Task goal: Leaving out the pictures, retype the lines from the beginning of the listing through the line containing "RFP #00612 WSCA/NASPO".

··· Data for the task ···

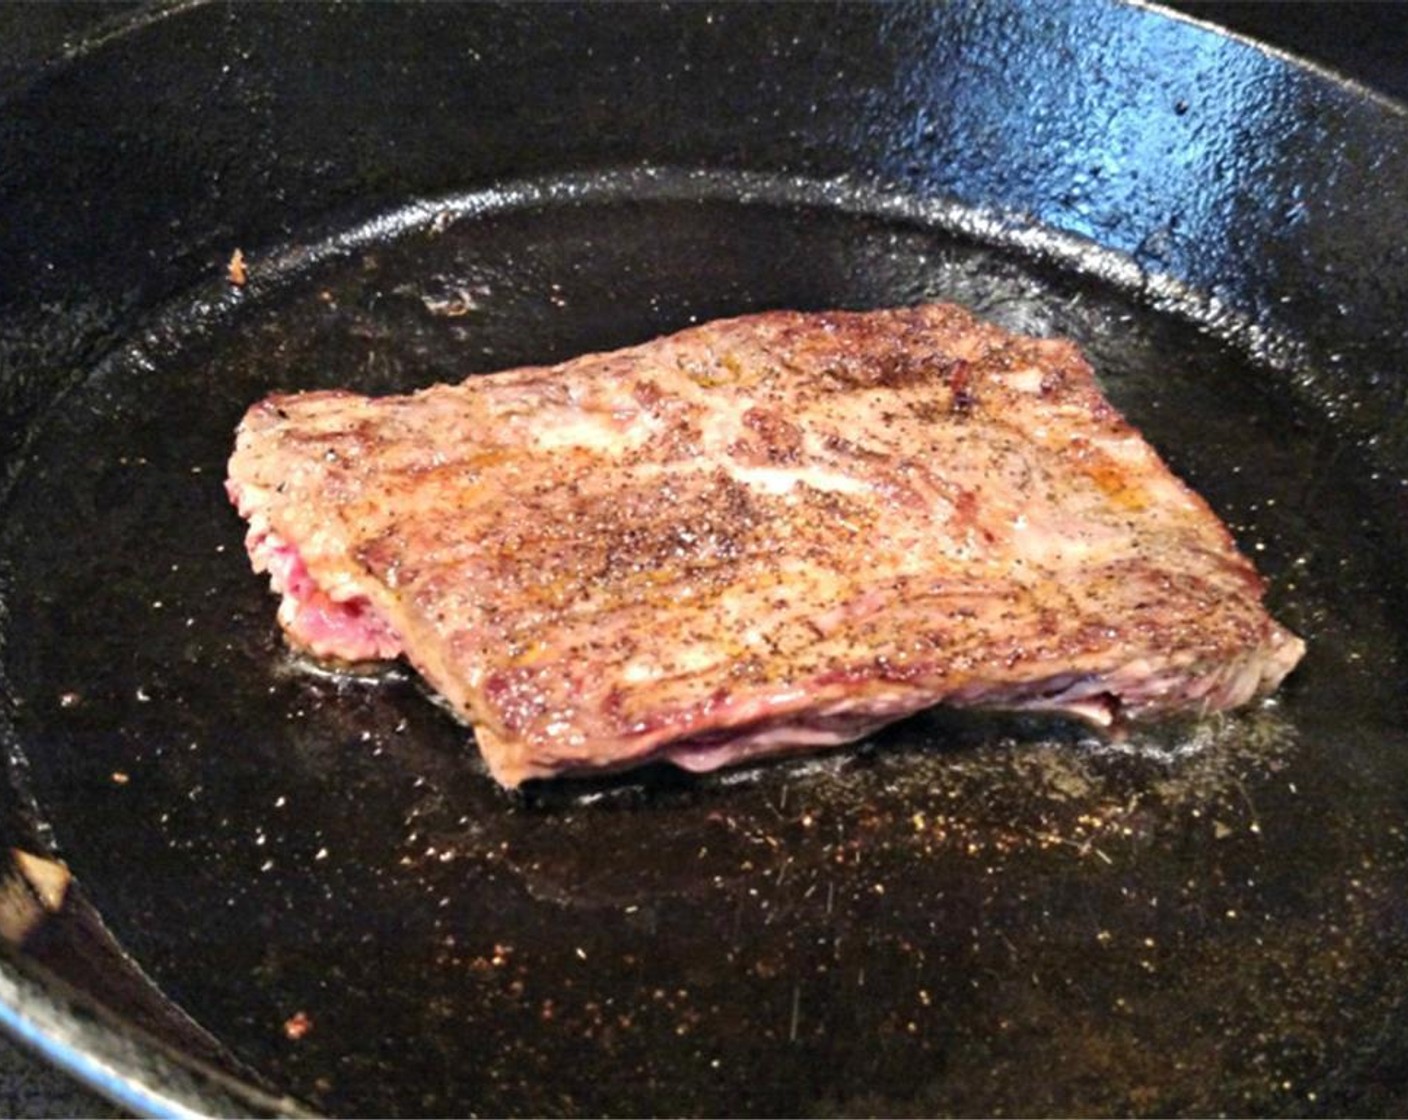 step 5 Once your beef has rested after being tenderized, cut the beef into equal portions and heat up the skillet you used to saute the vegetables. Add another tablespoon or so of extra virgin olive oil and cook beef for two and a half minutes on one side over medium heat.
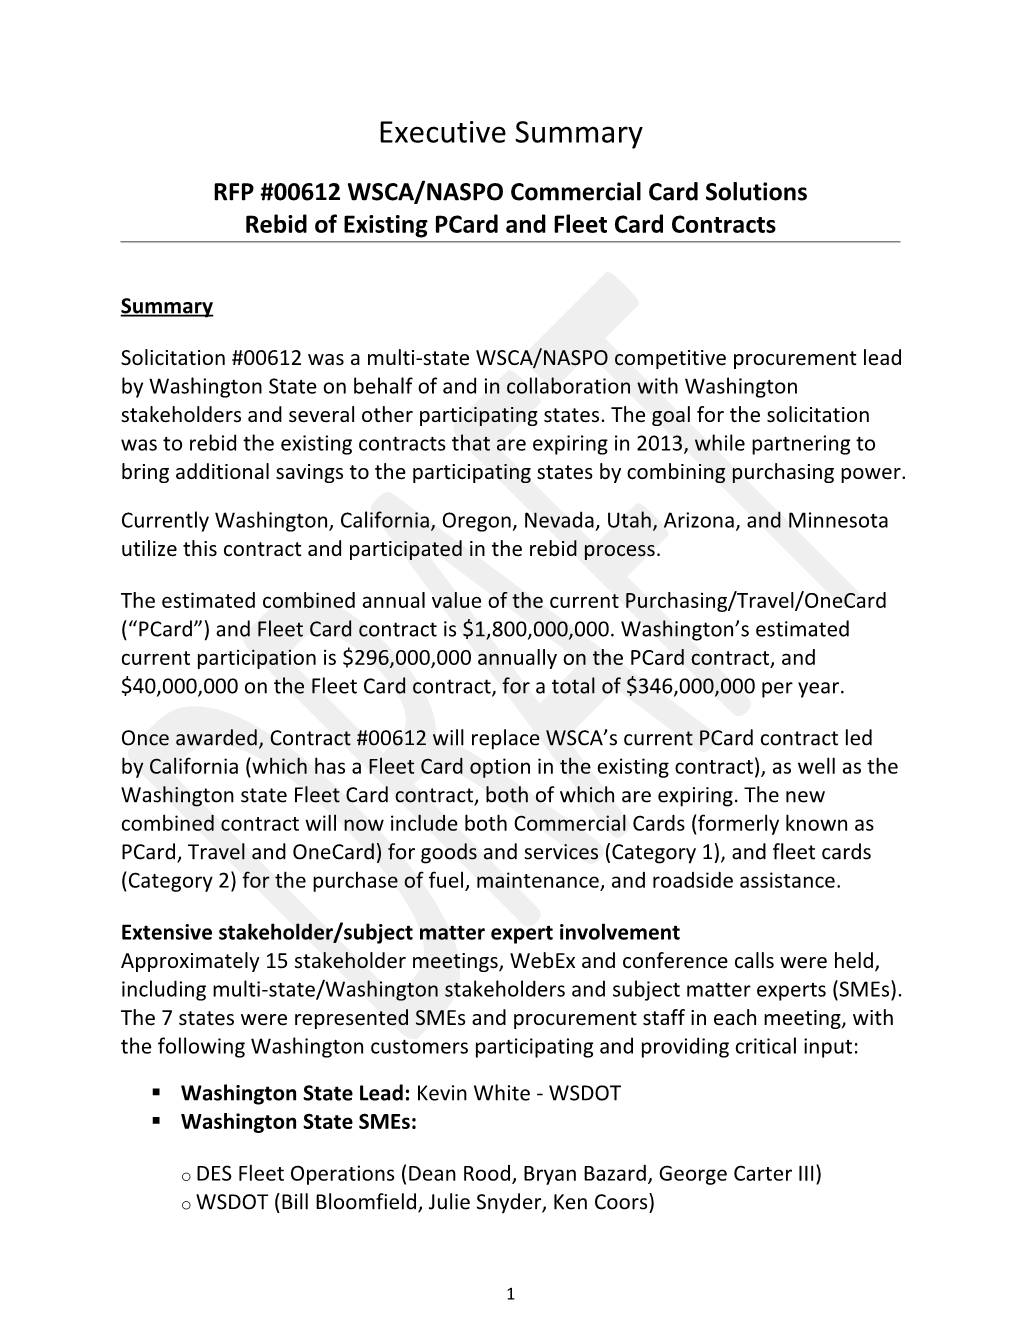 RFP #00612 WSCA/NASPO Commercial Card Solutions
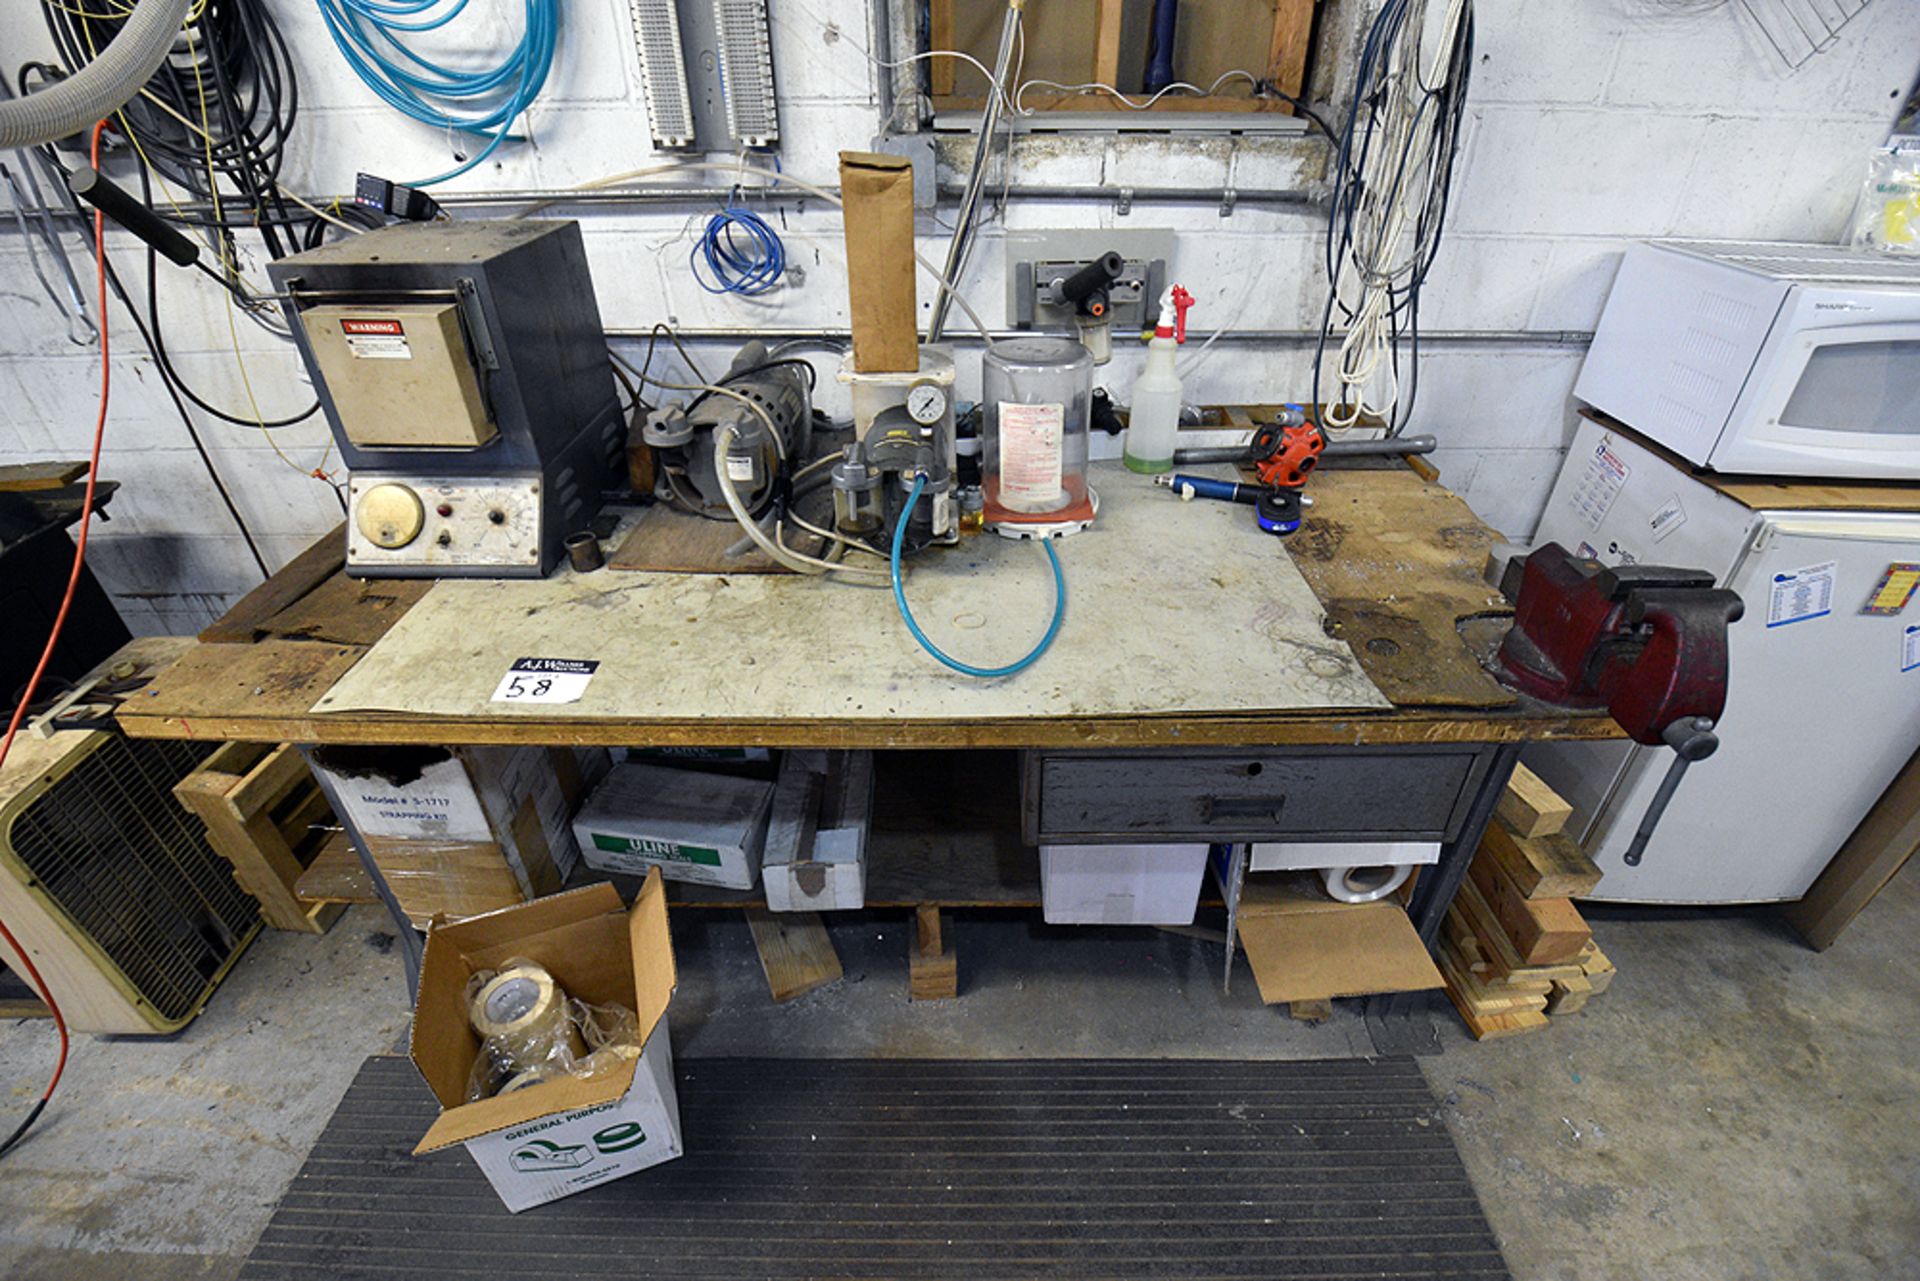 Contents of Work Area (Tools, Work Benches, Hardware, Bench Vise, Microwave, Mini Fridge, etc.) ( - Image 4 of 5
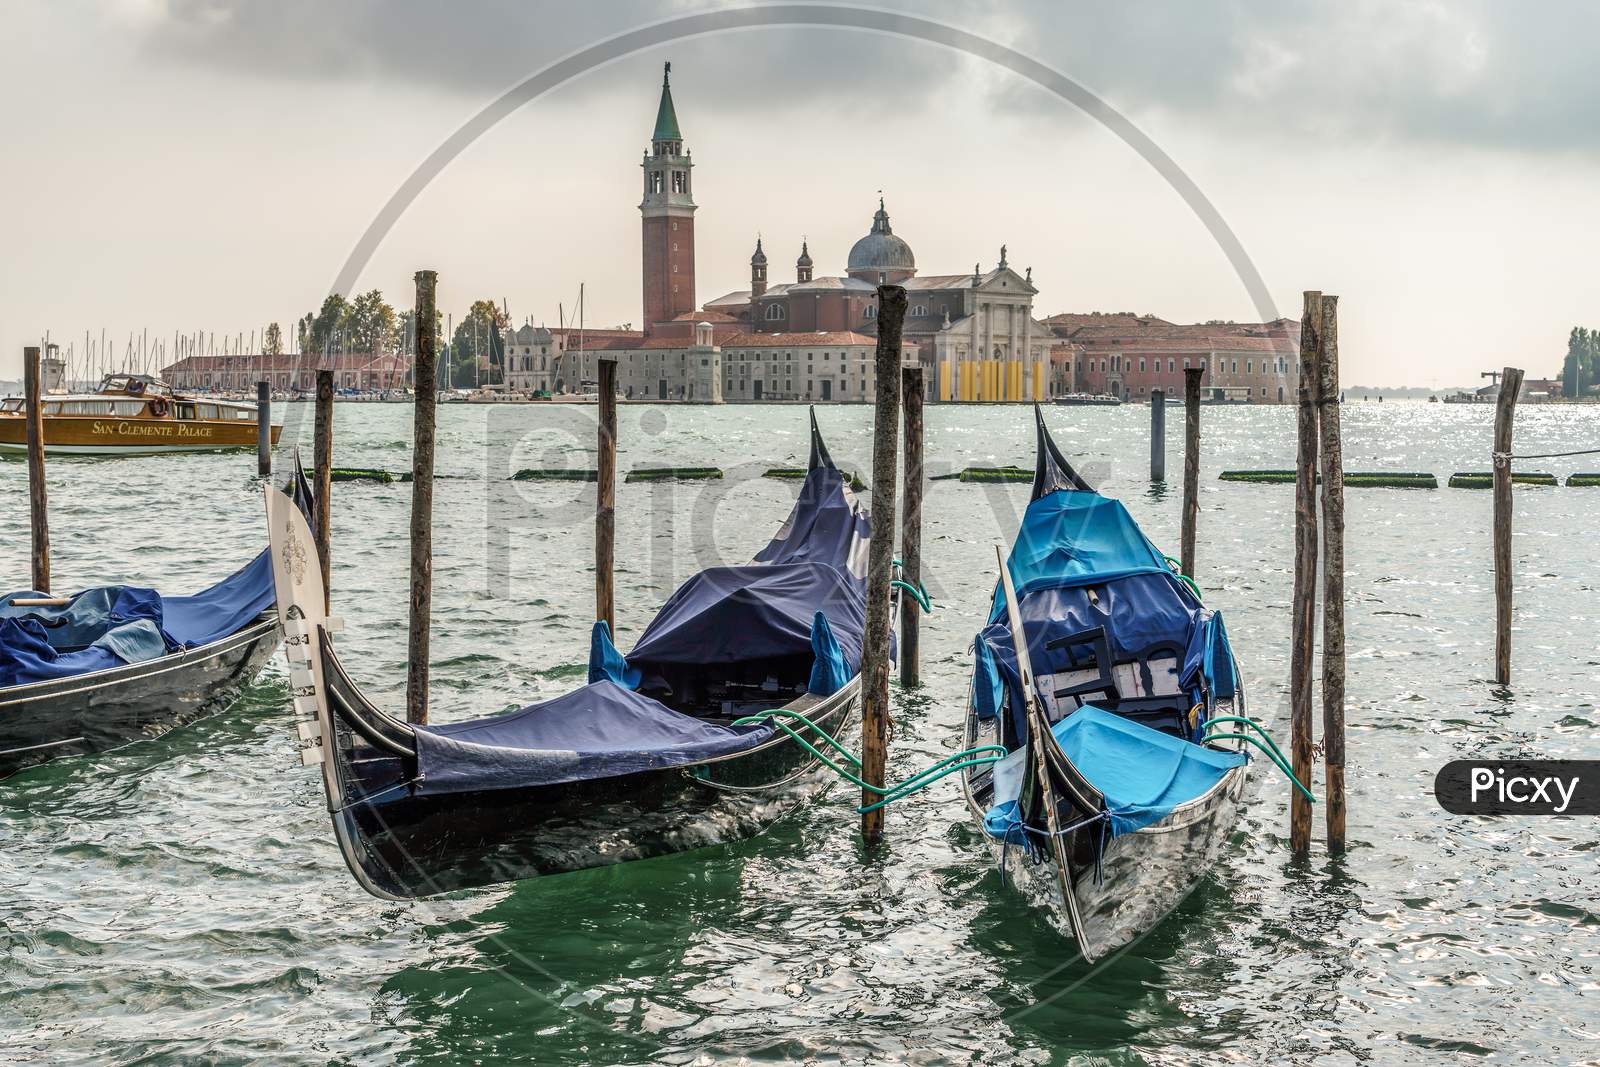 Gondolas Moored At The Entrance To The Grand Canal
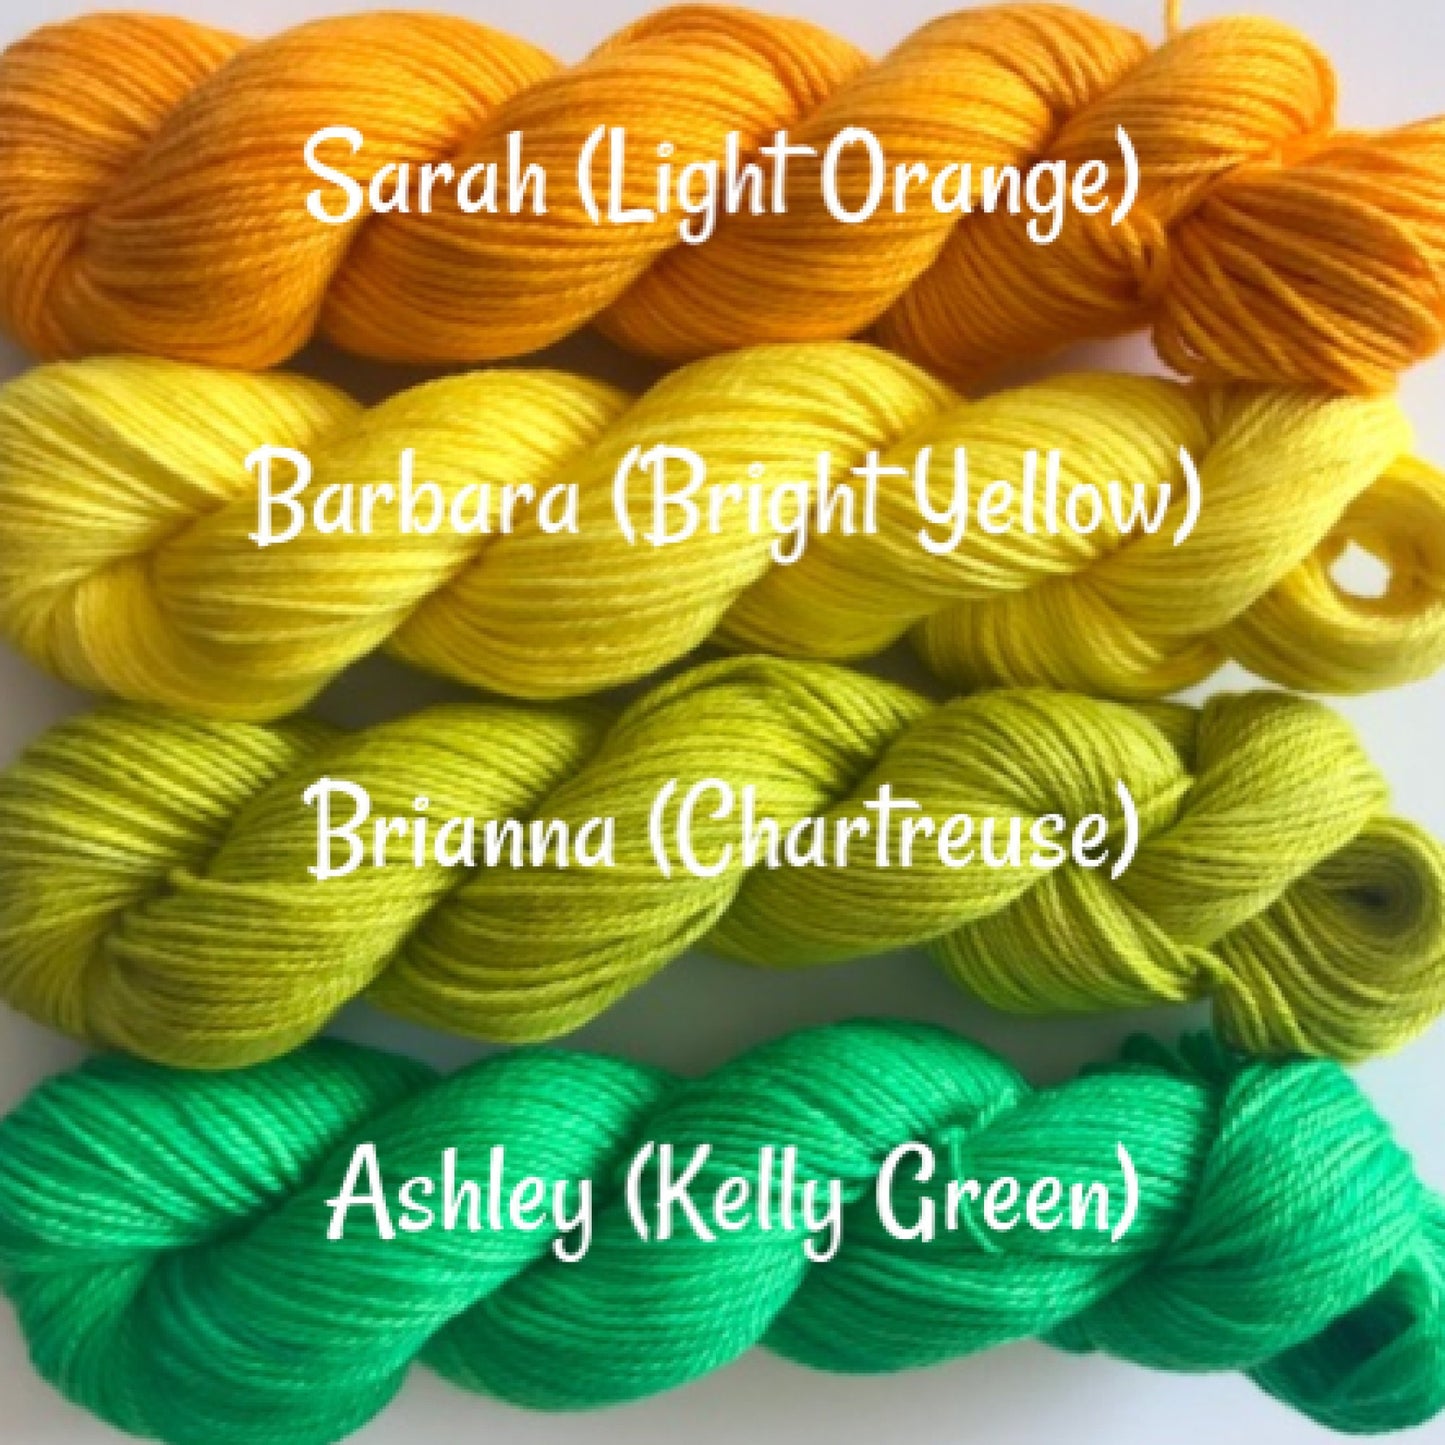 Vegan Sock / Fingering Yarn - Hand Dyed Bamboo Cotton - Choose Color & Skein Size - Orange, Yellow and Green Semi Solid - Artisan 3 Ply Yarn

···

Output for this exercise:
 step 5 Once your beef has rested after being tenderized, cut the beef into equal portions and heat up the skillet you used to saute the vegetables. Add another tablespoon or so of extra virgin olive oil and cook beef for two and a half minutes on one side over medium heat.
 RFP #00612 WSCA/NASPO Commercial Card Solutions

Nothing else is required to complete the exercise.